Pyramids In The Pacific  

The Unwritten History Of Australia

Chapter 28


Amerindians Explore the Pacific

"Then we arrived at the shore of the sea. There all the

tribes and the warriors were reunited at the shore

of the sea. And when they looked upon it, their

hearts were heavy.

'There is no way to cross it; we know of

no one who has crossed the sea,' the warriors and

the seven tribes said to each other."

Extract from:

"The Annals of the Cakchiquels"

late 16th century.


Chapter 28 Images

Amerindian

Photo The Sun, Wednesday, 24/8/77

Pyramids in the Pacific Ch 28

Much ink has been split by countless authors on who proceeded Columbus to the Americas. Any number of books are readily available on the subject in Australian bookshops. Yet although the mass of evidence for pre-Columbian contacts seem indisputable, as an Australian historian I feel this subject is nowhere as relevant to Australians, as the more important mystery of who really discovered Australia.

I shall dispense with repeating certain, all too well known aspects of the Amerindian civilisations, in favour of their seldom mentioned and generally unknown, cross-ocean voyages to Australasian lands. Any readers wishing to refresh their memories on the architectural marvels of the Maya and Inca, or the Easter island stone statues, and other over-repeated, as nauseam subjects so beloved of American writers, can find any number of books to bore them!

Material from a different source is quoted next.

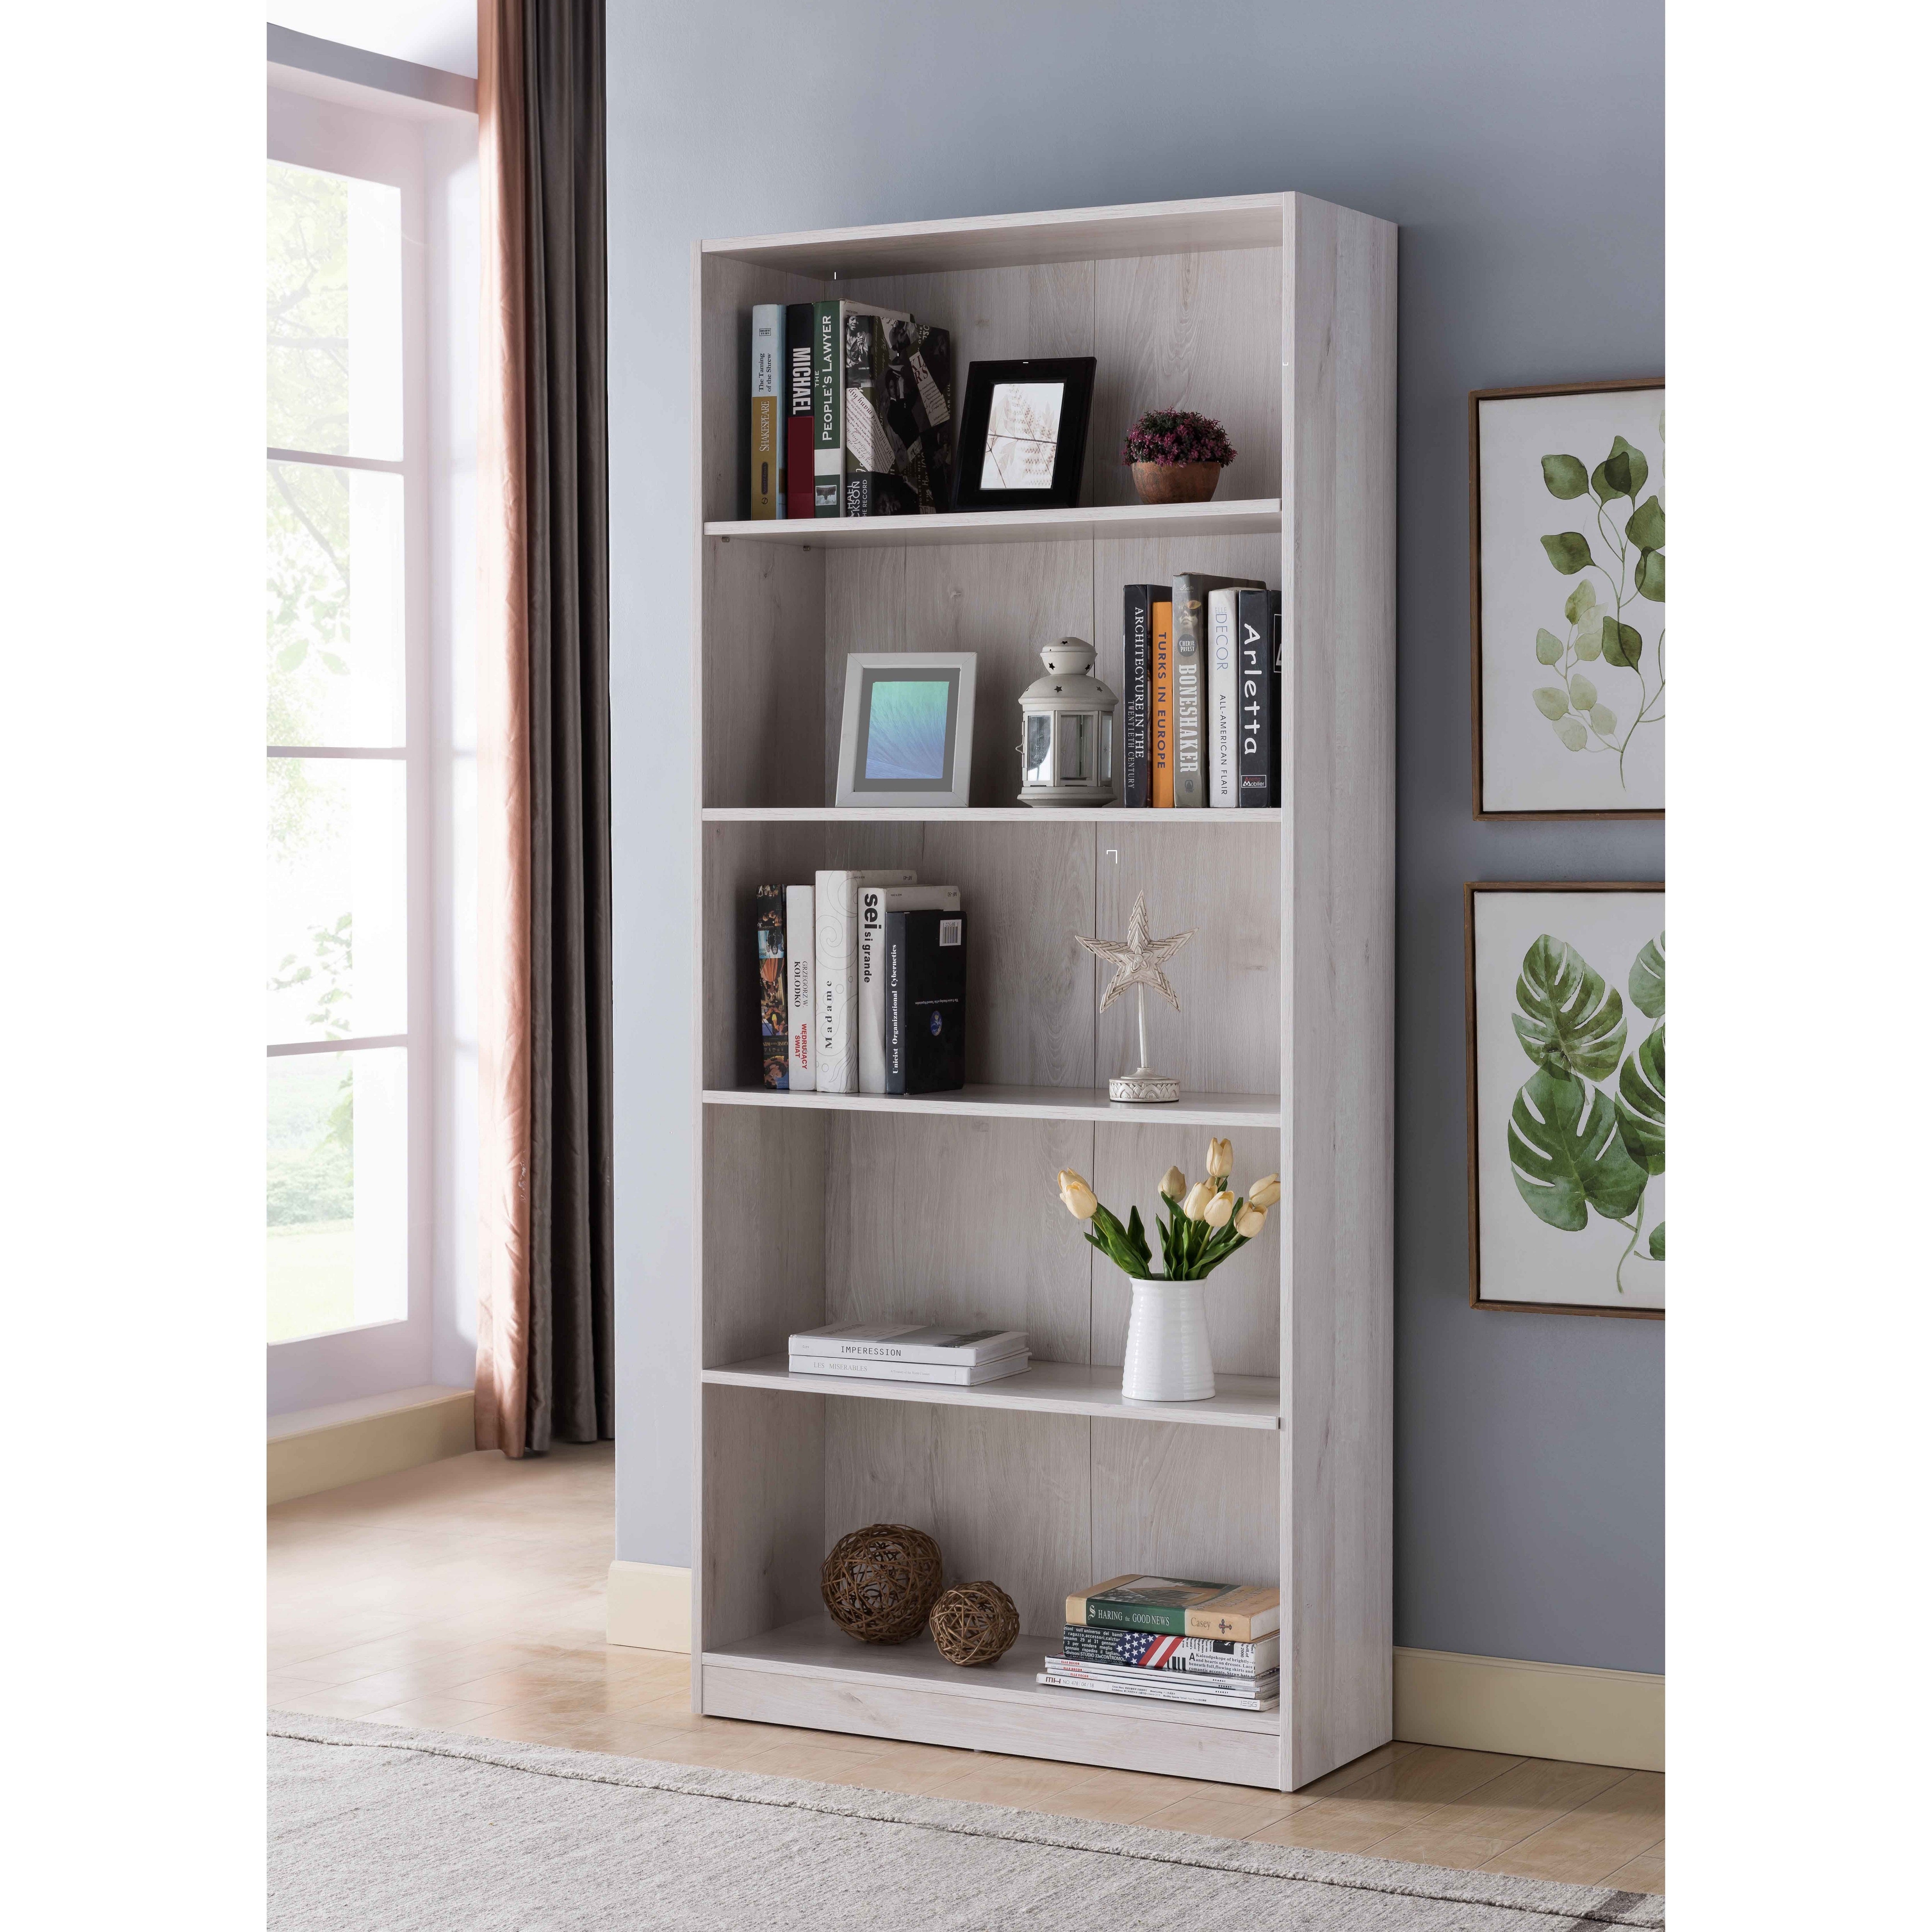 White Oak Bookcase Book Shelf with 5 Shelves

Even so, America has a part to play in the discovery and exploration of Australia and its island neighbours. The evidence which I present here is startling, yet no more so than any other similar conclusions reached in this book. How long humans have been present in the Americas is a contentious issue. The consensus of opinion is that they were Palaeolithic hunters of Mongoloid stock, which migrated across the then Bering Strait land bridge which linked Siberia and Alaska in ice-age times, entering Alaska by 23000 BP, to disperse slowly southward and eastwards until they finally reached Tierra del Fuego by about 5,000 BP.

Future scientific datings of excavated occupation deposits or human remains, may yet exceed that period of earliest arrivals further back into ice-age times. As these stone-age hunters moved through the Americas, the Indian cultures that gradually evolved from them were influenced by the environments in which they settled. Thus in the western Great Plains of Canada and the Untied States, they remained nomadic hunters until, after the arrival of European settlement.

Further south, in Mexico, by 3000 BC, they became settled farmers, growing staple foods such as beans, squash and maize. About this time similar agricultural centres had developed along the Peruvian coast. Some authorities believe people reached America before 23,000 BP. They found an an eminent champion in the late Dr. L.S.B. Leakey, whose fossil hominid discoveries at Olduvai Gorge, Tanzania are legendary.

Dr Leakey argued that these earliest human traces "could date back at least 50,000 years, and more likely 100,000 BP". This was the approximate age given him for some hearth stones and crudely flaked eolithic stone implements, recovered from an excavation site in California's Mojave Desert. At present, the earliest fossil relic from the Americas is a skull excavated near Los Angeles, California, dated in December, 1970 to around 22,000 years BP.

These finds suggest that Amerindian civilisation is very ancient and that room exists for the development of far earlier civilisations at present unknown. They also demonstrate that Amerindian Man had ample time to develop a maritime science, and undertake lengthy cross-ocean voyages.